Il presidente dell'UEFA Michel Platini

Il calcio non è "solo un gioco"; può ancora oggi rappresentare una scuola di valori?
 
"Per me è un gioco e una grande scuola di valori, dichiara Platini, ma affinché assuma questo ruolo dipende in primis da noi e dai deputati."
 
Oggi lei è di nuovo a Bruxelles, magari le ricorda il triste evento dell'Heysel…. Cosa può fare Platini nella sua nuova veste di presidente dell'UEFA per evitare queste tragedie?
 
"Sono anni ormai che non succedono tragedie di questa portata", precisa Platini.  "In questi anni i singoli Stati membri, i Club e l'UEFA hanno rifatto gli stadi e tutto il livello della sicurezza.

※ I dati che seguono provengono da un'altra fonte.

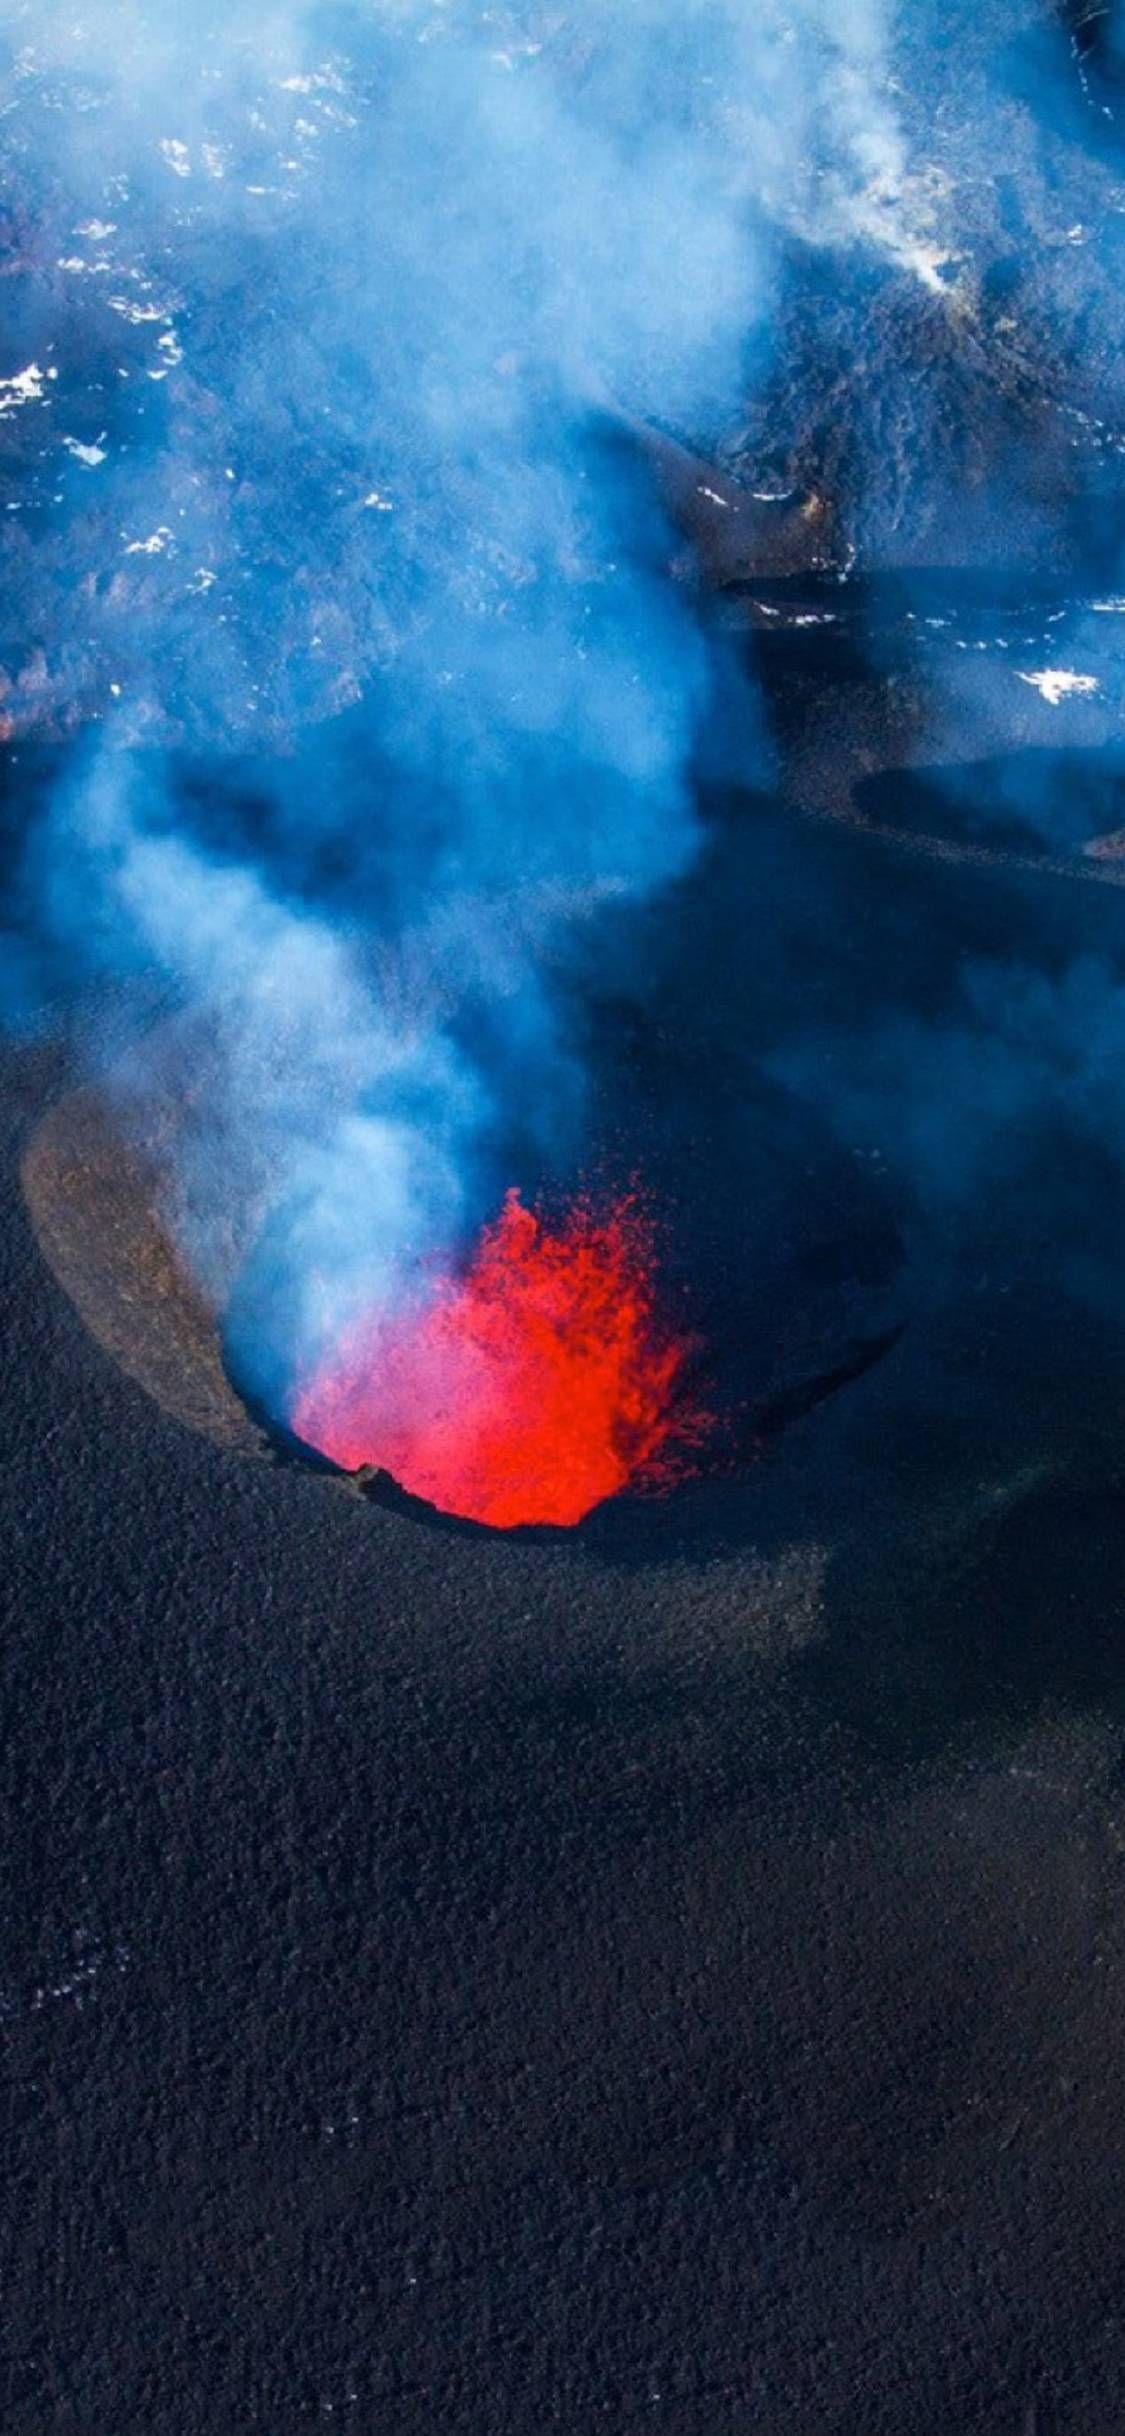 Lava oar aerosol is dangerous Wallpapers for iPhone X

Dunque oggi è difficile che succeda qualcosa di simile." Platini poi aggiunge:"É inevitabile che quando una diga ceda, la si ricostruisca...finchè l'acqua non fuoriesce tutto va bene…"
 
Il Parlamento europeo ha recentemente adottato una relazione sul calcio professionistico in Europa in cui chiede all'UEFA di esaminare meccanismi che creino un equilibrio più competitivo in ambito 'diritti televisivi'. Cosa sta facendo l'UEFA per migliorare questa situazione?
 
"Innanzi tutto ci tengo a precisare che sono molto d'accordo con il testo del Parlamento", sottolinea Platini. "Questo è un problema che interessa principalmente la Spagna…è il calcio spagnolo che deve risolverlo", insiste il presidente dell'UEFA. "Noi in quanto UEFA, non possiamo far niente a livello di associazioni nazionali perchè nel calcio si applica la sussidiarietà". 
 
All'interno della diversità culturale europea il calcio rappresenta una passione comune per molti cittadini europei; le è mai venuto in mente di creare una specie di "dream team" europeo?
 
"Abbiamo fatto diverse amichevoli a livello europeo, come quella recente per la commemorazione dei cinquant'anni dell'Unione europea, Manchester contro l'undici dell'Europa'", dichiara Platini, che si augura che "mai ci sarà una squadra dell'Europa…perchè io credo nelle associazioni nazionali e nella nazionalità dei club". Se dovesse esistere una squadra che rappresenta ufficialmente l'Europa, taglia corto il presidente dell'UEFA, vorrebbe dire che non esisterebbero più Francia, Italia, Inghilterra…è inimmaginabile!"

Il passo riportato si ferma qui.